Euler Finance exploiter returns over 58,000 stolen Ether

Spread the love

The hacker behind the $196 million exploit on lending protocol Euler Finance has returned the vast majority of the stolen belongings, in accordance to on-chain information. 

In a transaction on March 25, the exploiter returned 51,000 Ether (ETH) price round $88 million on the time of writing. A second switch of seven,737 ETH was made on the identical day, price over $13 million. Beforehand, on March 18, the hacker despatched 3,000 ETH to the protocol, price almost $5.4 million on the time. The exploiter nonetheless controls a few of the stolen belongings.

On March 13, the hacker carried out a number of transactions stealing almost $196 million from the protocol in a flash mortgage assault, dubbed the most important DeFi hack of 2023 up to now. Stolen belongings embrace 8.8 million DAI, 849,000 wBTC, 85 million stETH, and 34 million USDC stablecoin.

Funds stolen from Euler Finance. Supply: BlockSec.

Just a few days after the hack, the exploiter despatched an on-chain message to Euler calling for an settlement with the protocol. “We need to make this straightforward on all these affected. No intention of retaining what will not be ours. Organising safe communication. Allow us to come to an settlement,” they mentioned.
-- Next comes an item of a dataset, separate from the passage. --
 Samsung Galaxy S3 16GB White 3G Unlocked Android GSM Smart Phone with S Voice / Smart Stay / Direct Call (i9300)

Associated: Euler assault causes locked tokens, losses in 11 DeFi protocols, together with Balancer

The protocol had beforehand tried to barter with the exploiter, requesting that they return 90% of the funds they stole inside 24 hours, and in any other case they’d face authorized motion. No response was obtained, and 24 hours later Euler provided a $1 bounty reward for any data resulting in the seize of the exploiter.
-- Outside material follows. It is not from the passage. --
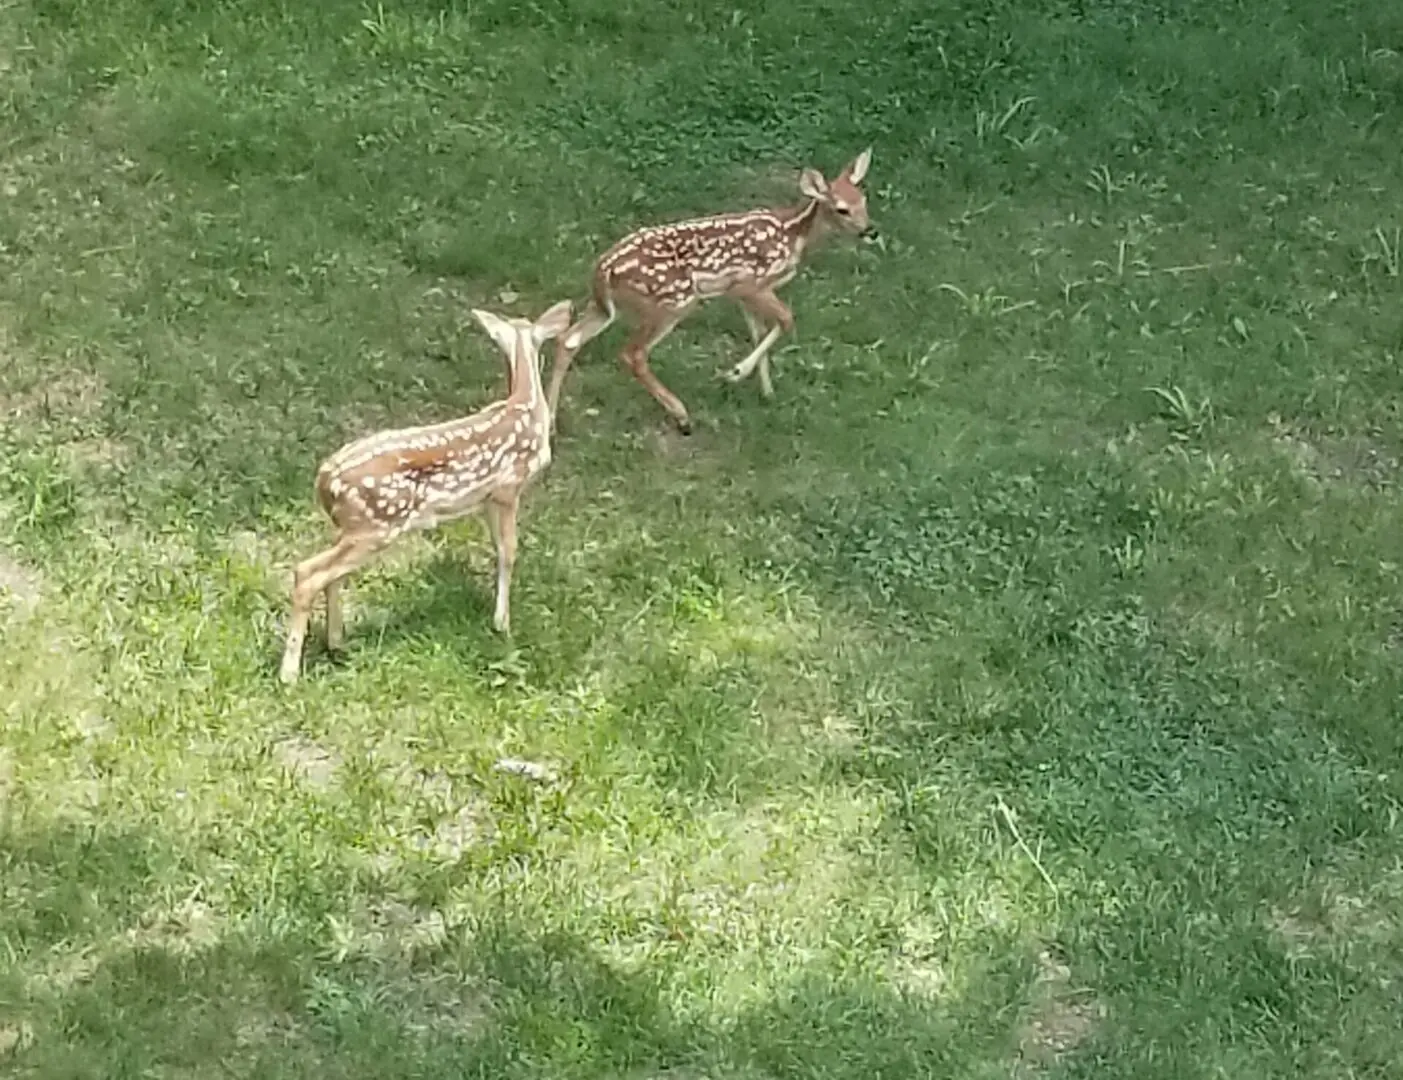 Two fawns

Different transactions have been made by the hacker, together with a switch of 1,000 nETH, roughly $1.65 million on the time, via sanctioned crypto mixer Twister Money.

In response to blockchain analytics agency PeckShield, round 100 ETH was despatched to a pockets tackle doubtless owned by one of many victims. An on-chain message despatched by the pockets tackle had earlier pleaded for the attacker to return their “life financial savings.”